Second, the notion of public accountability in the draft code is a little confused.

Senior public managers in local government are directly accountable to all those elected to govern.

However, since the 2000 local government reforms, the separation of councils into (largely single party) ‘political executives’ and their respective overview and scrutiny functions has divided officer accountability to members.

Officers are ‘held to account’ by the political executive (and by councils’ various executive committees), while they ‘give an account’ to non-executive members.

The discipline that binds local government to the communities it serves is this ‘accountability’.

And officers need to be fully accountable in public both for the advice they proffer to decision-makers and for their implementation of those decisions once made.

Unlike civil servants, senior public managers have a ‘constitutional personality’.

Their advice is not cloaked by privilege, nor are their actions.

This gives strength to the decision-makers and aids the accountability of councils to the wider public.

Third, the draft code rather narrowly reduces senior managers’ concerns about ethics to issues of personal and professional conduct.

Of course, public sector managers need to ‘be good’.

But they need to be good so their organisations can ‘do good’.

The code rightly asserts the importance of selflessness, integrity, accountability, openness and honesty.

But this only focuses on personal and inter-personal ethics.

Senior public managers also need to assert the importance of public ethics and public reason in decision making, in policy options, in resource allocation and in arbitrating between competing claims.

Some 80 years ago the American sociologist Robert K Merton wrote about the unanticipated consequences of purposive social action.

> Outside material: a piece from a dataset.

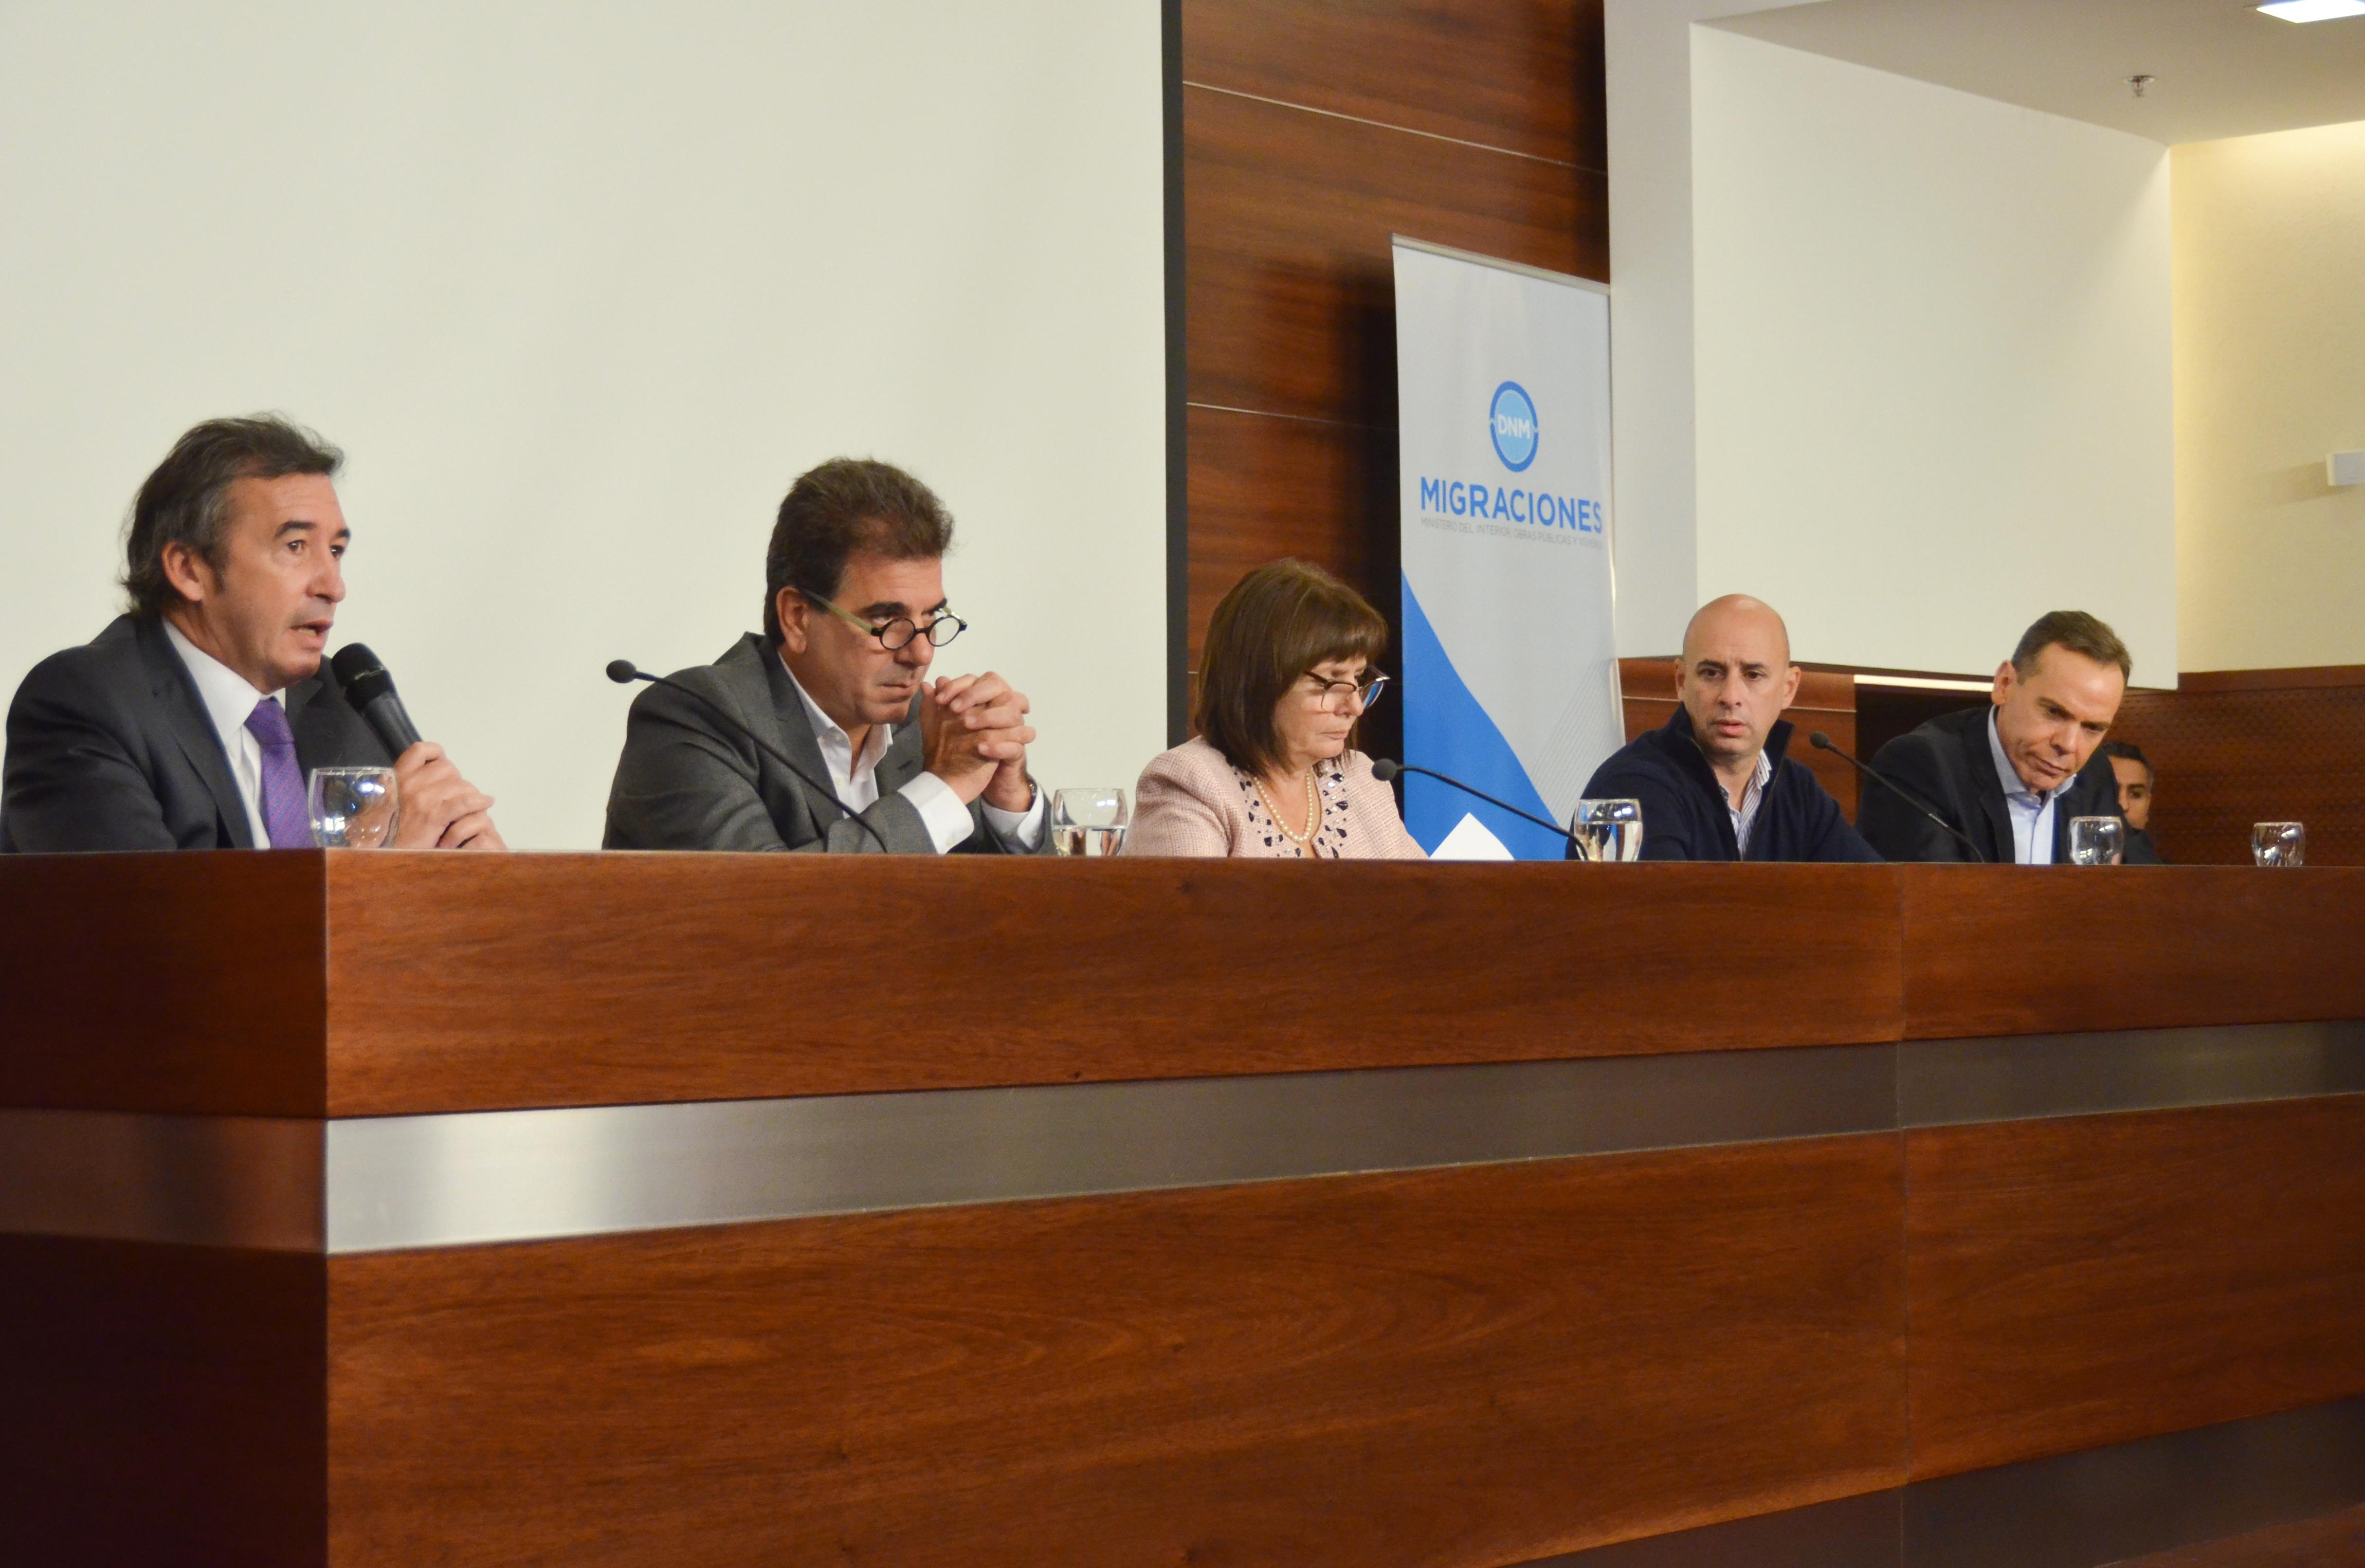 Otamendi participó de una jornada de trabajo sobre política migratoria

One of the key biases he then identified was what he called the ‘imperious immediacy of interests’.

Large organisations can lose sight of their purposes as their internal dynamics and processes draw too much of the attention of their key decision-makers (in governance and in management).

And this can happen with councils.

They can become so enmeshed in their internal processes that they lose sight of their wider social purpose – to have a positive impact and do good in their locality.

Working out how best to subordinate the imperious immediacy of one’s own interests to the deeper demands of the public interest is an essential element of the art of being an ethical and effective public manager.